I am as much interested in science as philosophy or theology. Nowadays, I am researching how to apply incentives for distributed systems. I am interested in two subjects: the inheritance of crypto and the economics of reputation.
Alejandro: Remarkable how such an abstract problem from theoretical CS can have so many applications. That's part of the reason I tell my students about the importance of solid theoretical foundations. However, it seems nowadays very few professionals in the software engineering world have strong insights into computability theory, formal languages, and so on. I wonder if you see this lack of theoretical foundations as a downside of how broad computer science has extended in terms of applications to real-world problems and what kind of issues it could bring to have vast teams of engineers with little to no theoretical knowledge.
Spear of Lugh: I don't know. Computer systems are more complex today. When I was a student, I was able to play with an operating system (minix) and see what happened. It was possible to understand what was going on from a keystroke to how the computer reacted. It is almost impossible today: you have multi-core systems, many levels of cache, etc.
So in some sense, you have to abstract away from details to do things in such a complex environment. But it is typical with students who program in Python: there are many predefined operations, and as they take little space as written programs, they intuitively think it doesn't take a long time to be executed. Everything looks like an atomic operation —which is false. But I am afraid that the new "digital generation" has a magic-like approach to programming. They push "run," and many things happen without being mastered. At least there is a huge waste in terms of efficiency. Also, some conversations sound like they're talking about perpetual motion sometimes.
Alejandro: Let's dive into that discussion, then! I feel a large part of the infatuation with large language models, for example, and other recent breakthroughs in machine learning, as incredible as they are, partly stems from a misunderstanding of basic computability principles.
On one hand, these are "just programs", albeit hugely complex, of course. On the other hand, what "just programs" means, seems to be also often both over and underestimated, sometimes simultaneously, in a single news piece. How about we break it down a little?
Could you tell me your preferred way of explaining what a computer is? What is the fundamental thing this type of machine can do that makes it qualitatively different from other machines we have invented?

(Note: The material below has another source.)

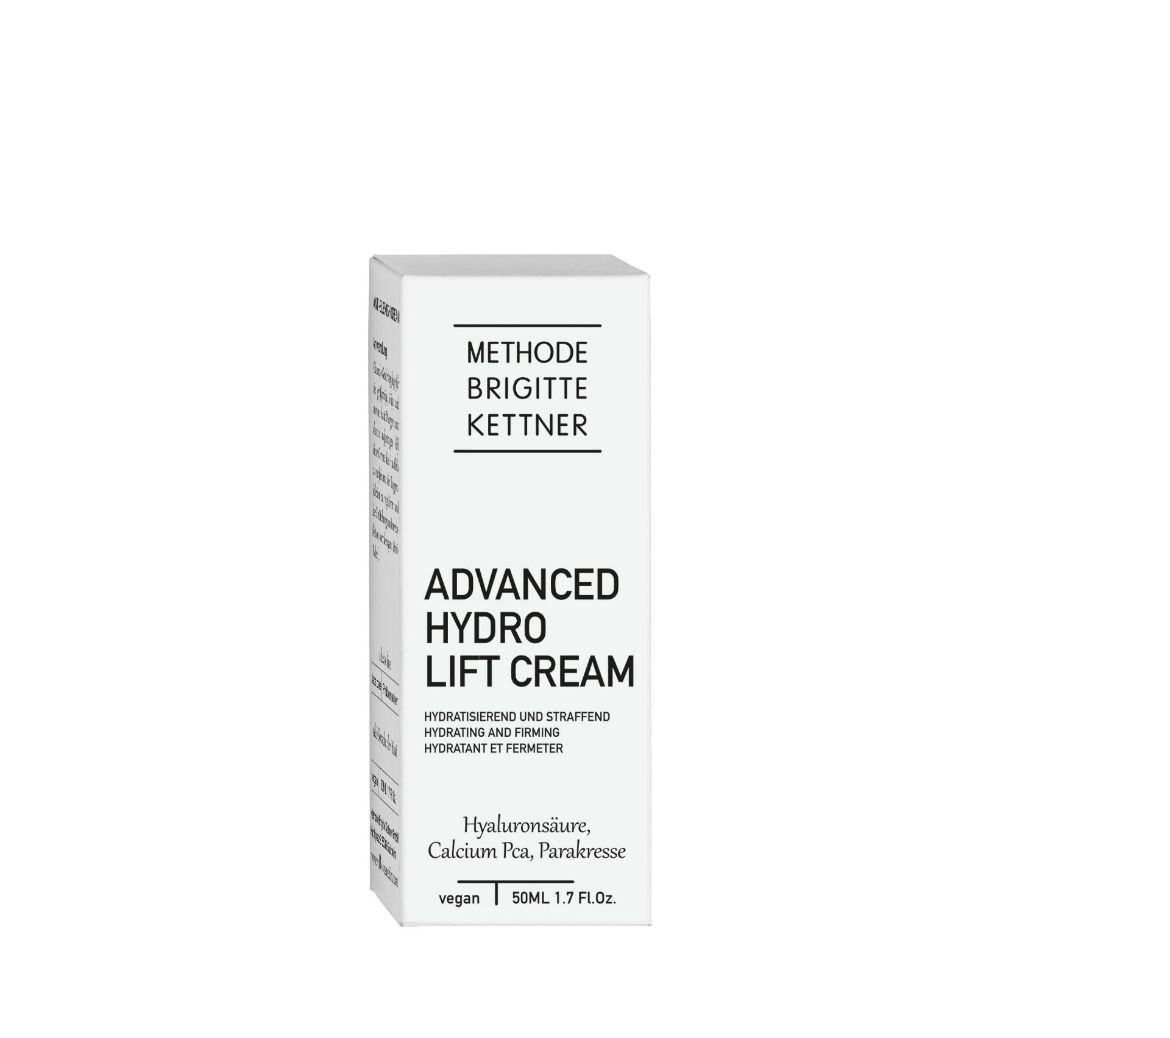 Bild von Methode Brigitte Kettner Advanced Hydro Lift Cream (50ml)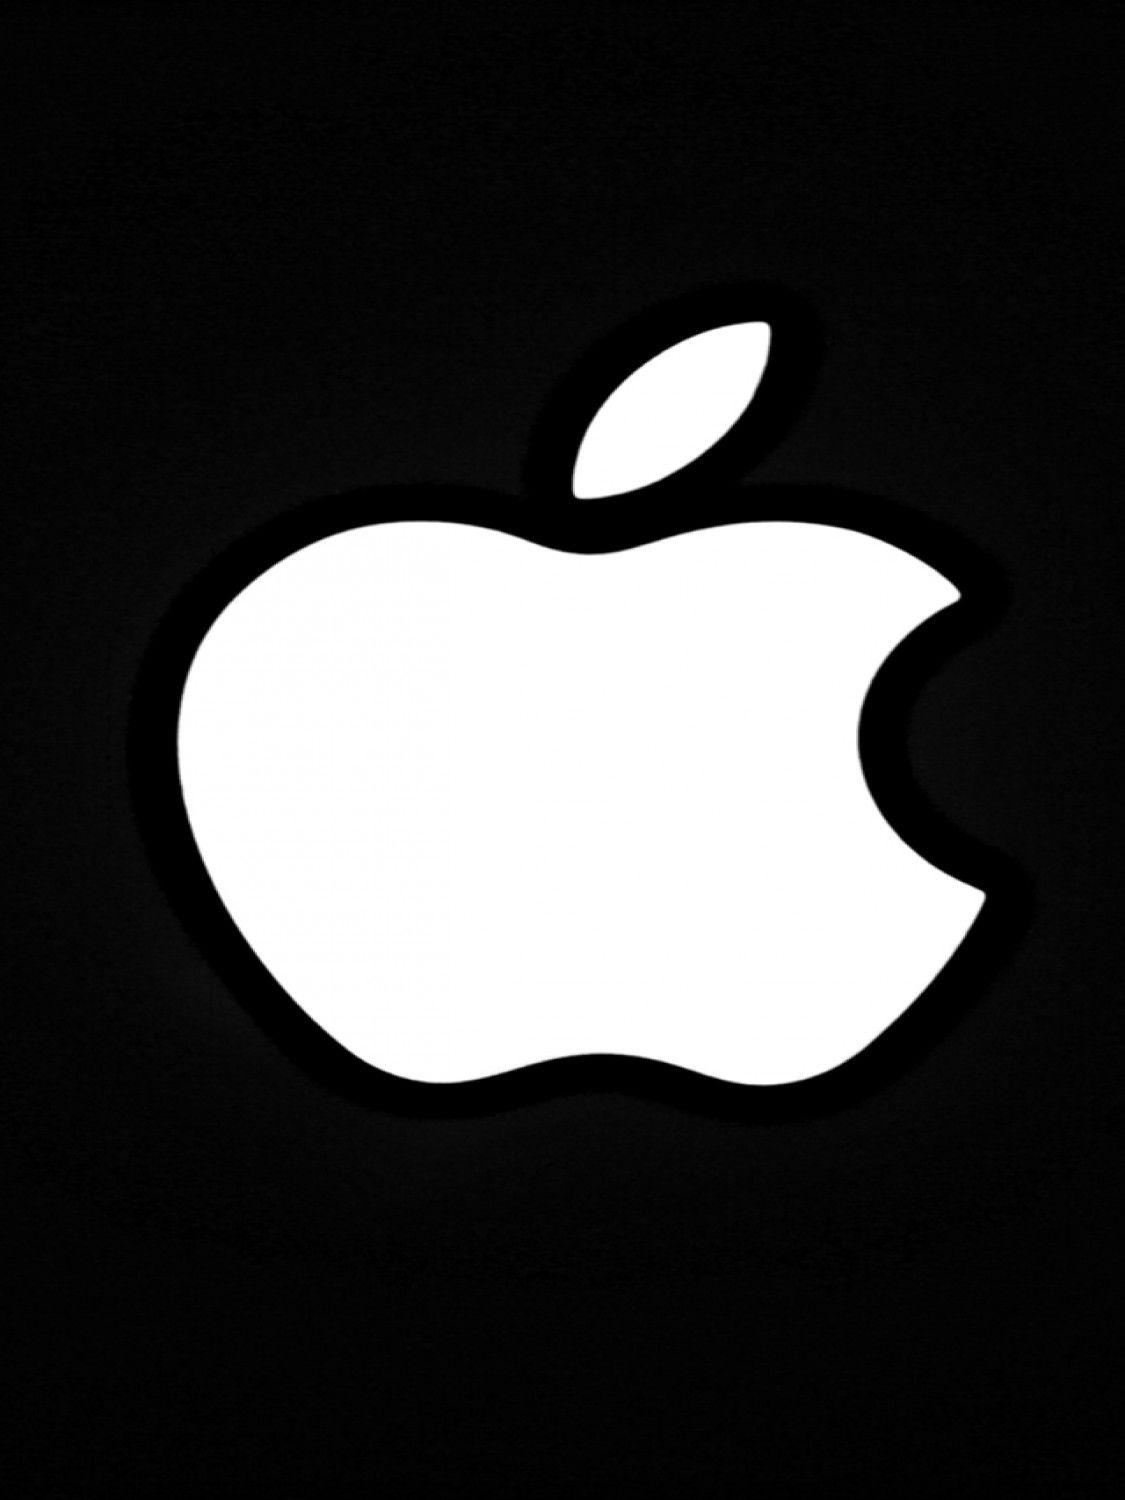 On Black Background iPhone Logo - Apple Logo Black Background

Spear of Lugh: I have a view of computers that comes more from mathematics than practice. It is partly due to my academic curriculum. One interesting point about computers is that their invention is not a natural process. It is not by tinkering on mechanical computers (like Pascal or Leibniz calculator) that we invented general-purpose computers.
One way to tell the story is: there was a crisis in mathematics when they started to formalize things at the end of the XIX. Basically, it was possible to encode paradoxes like "the set that contains all sets not containing themself" which is a mathematical version of the liar's paradox. In a famous math conference, Hilbert proposed 23 problems for future mathematicians to solve. Among them was one about the fundamental properties of mathematics (it was a particular logic, but this is technical).
There were three subquestions:
consistency (the maths can't allow the proof of A and not A)
completeness (everything true is provable)
decidability (there exists a method to "mechanically" prove true things).
At the time, people thought that 1, 2, and 3 were true. Long story short, Göedel proved that 2 is false in his famous incompleteness theorem, and... Turing invented the general-purpose computer to show that 3 was false also! So the computer is the result of deep reflection on the nature of truth and provability.
An experimental way to see it is: at the beginning of the computer era, people did not know what to do with computers. This is very strange because computers are not "natural". So you have a very sophisticated machine but you don't know what to do with it! It is because it is an intellectual machine that was invented for logical reasons. Of course, the first uses of computers were easy to find: cryptanalysis and other military applications (complex computations for nuclear bombs) and space exploration (to compute trajectories, etc.).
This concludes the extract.